(Beginning of INFORMATION)

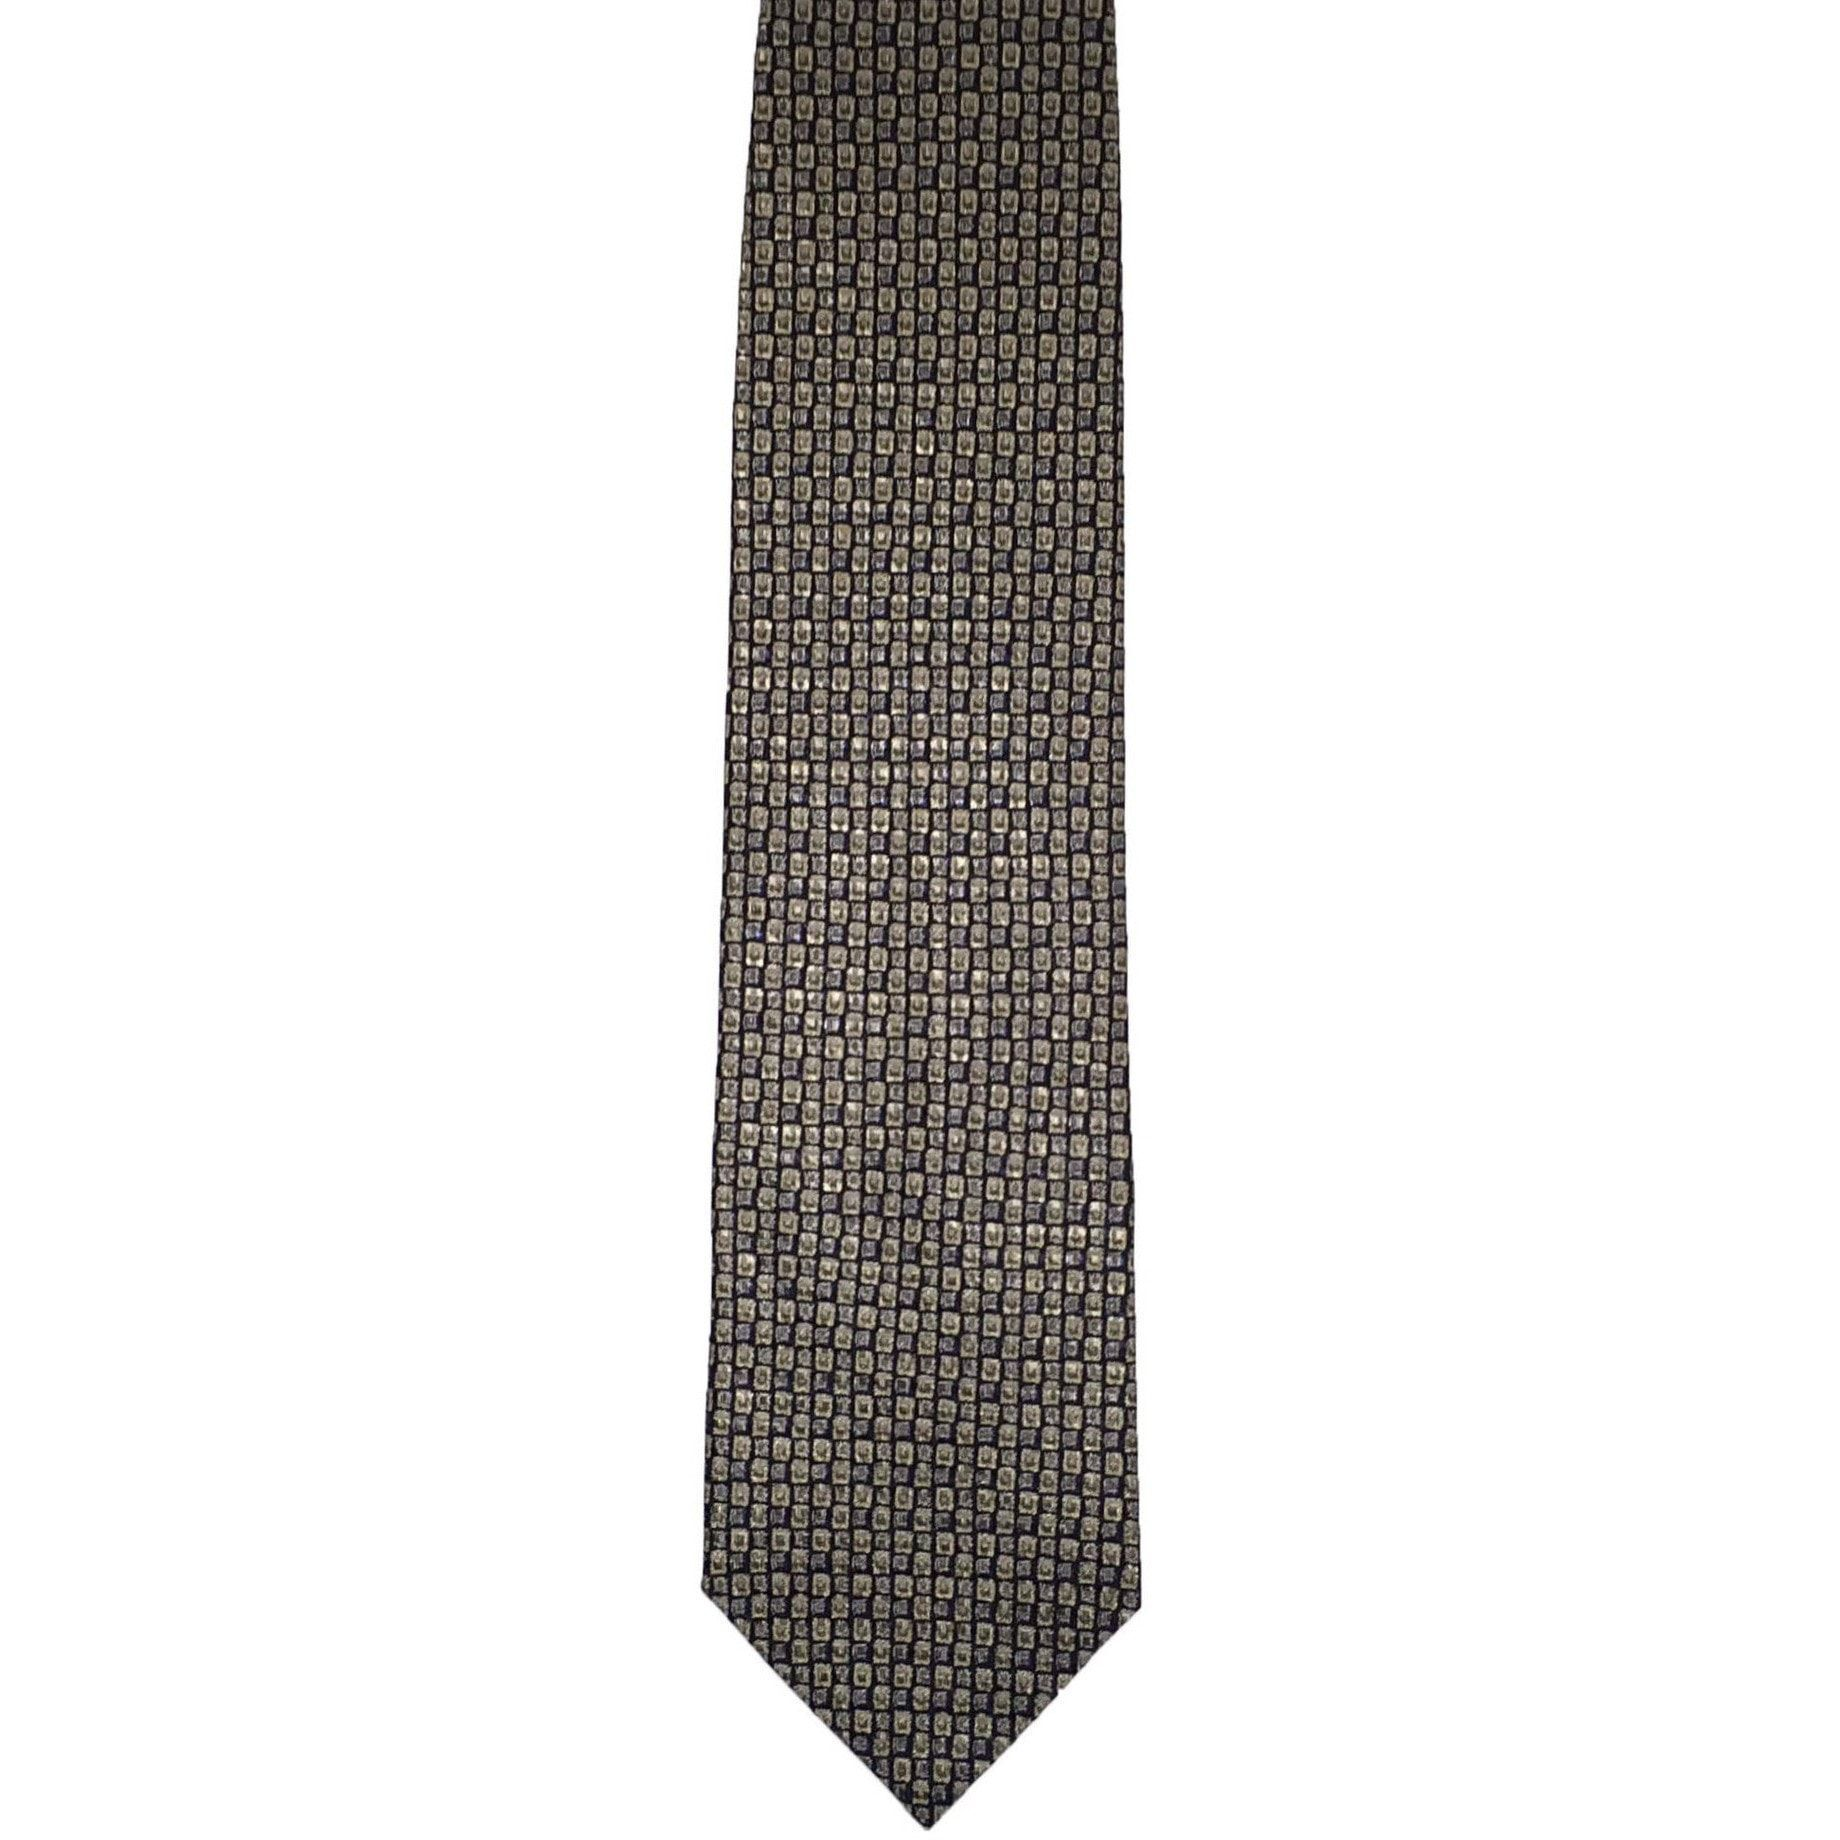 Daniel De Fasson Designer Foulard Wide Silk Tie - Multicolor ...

(End of INFORMATION)
(Beginning of INFORMATION)

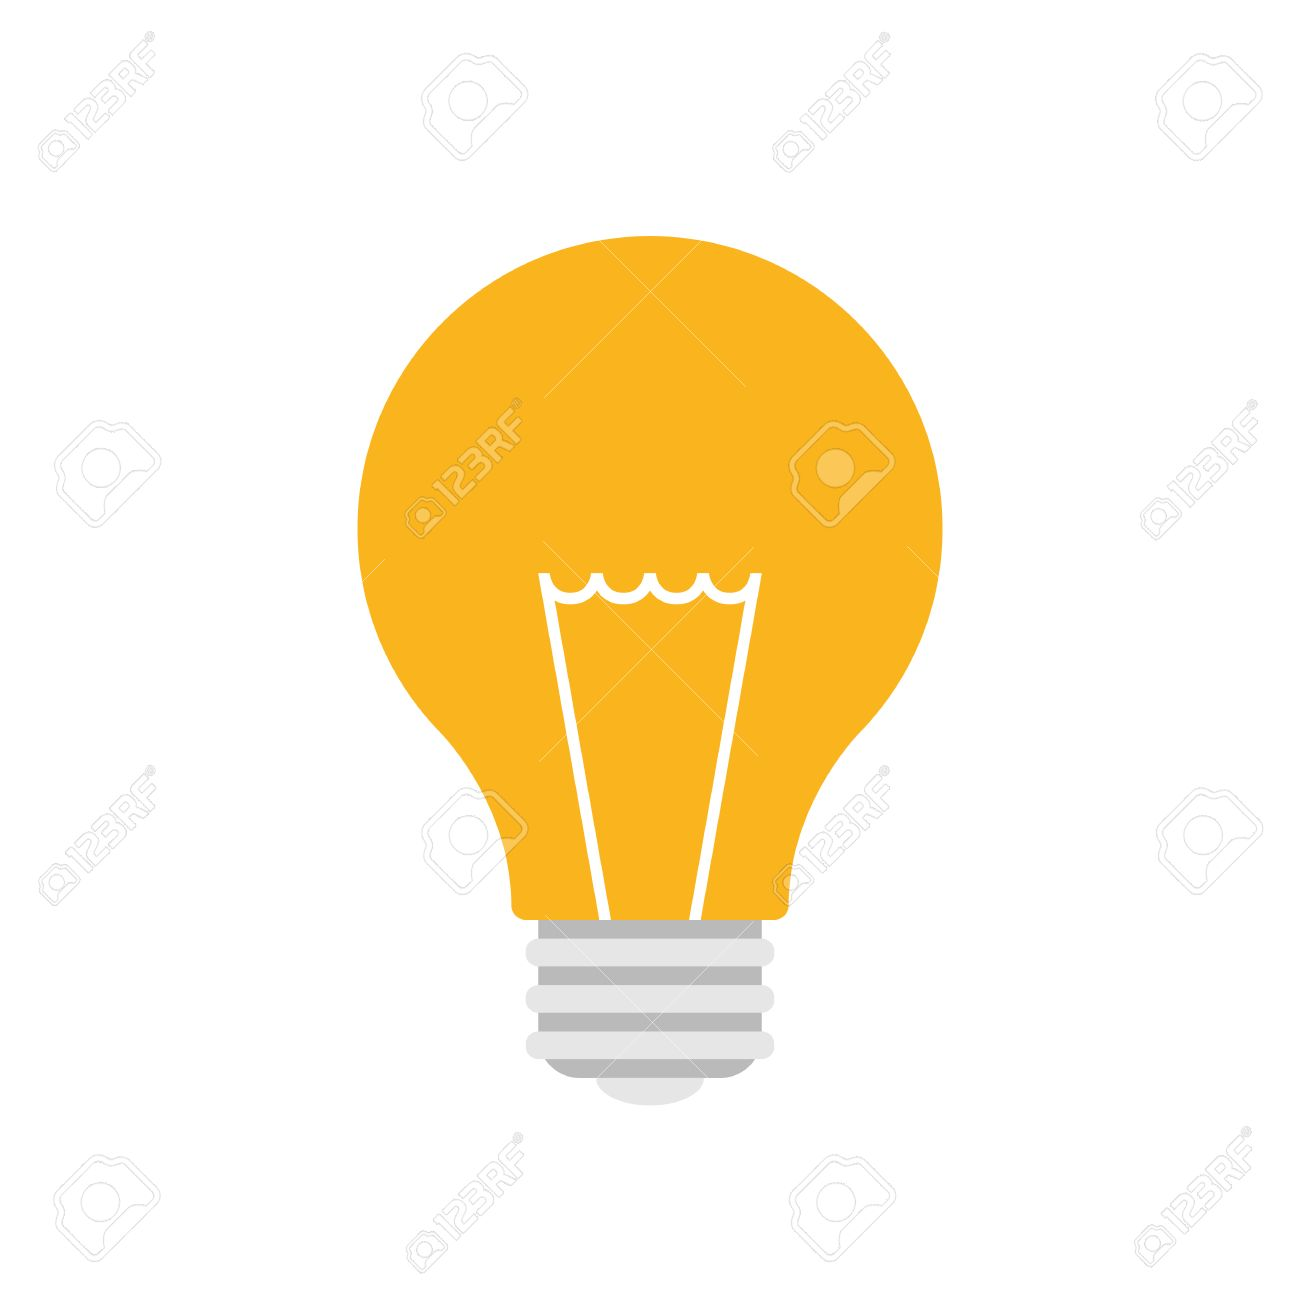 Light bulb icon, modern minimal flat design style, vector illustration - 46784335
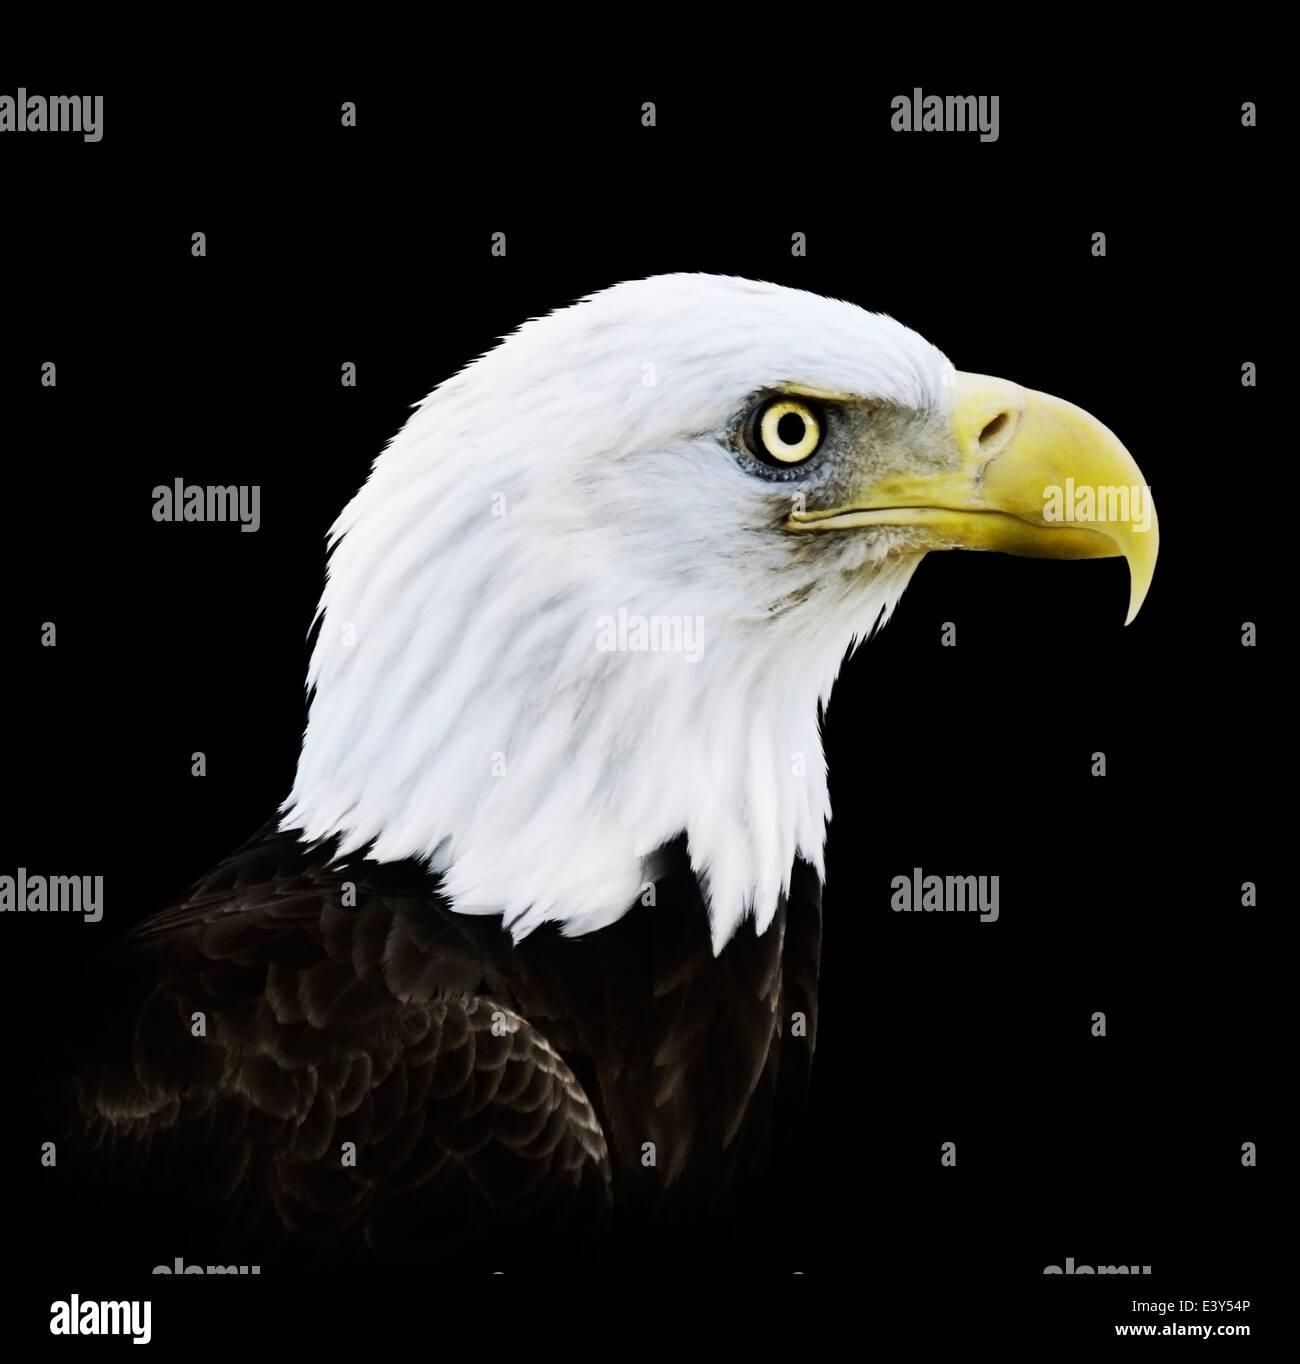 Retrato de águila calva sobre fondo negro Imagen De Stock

(End of INFORMATION)

Given the entries above, transcribe exactly the lines from the one holding "Light bulb icon, modern" through the one holding "Retrato de águila"; pictures do not belong in the transcription.

▶ _EXERCISE SOLUTION_
 Light bulb icon, modern minimal flat design style, vector illustration - 46784335
 Retrato de águila calva sobre fondo negro Imagen De Stock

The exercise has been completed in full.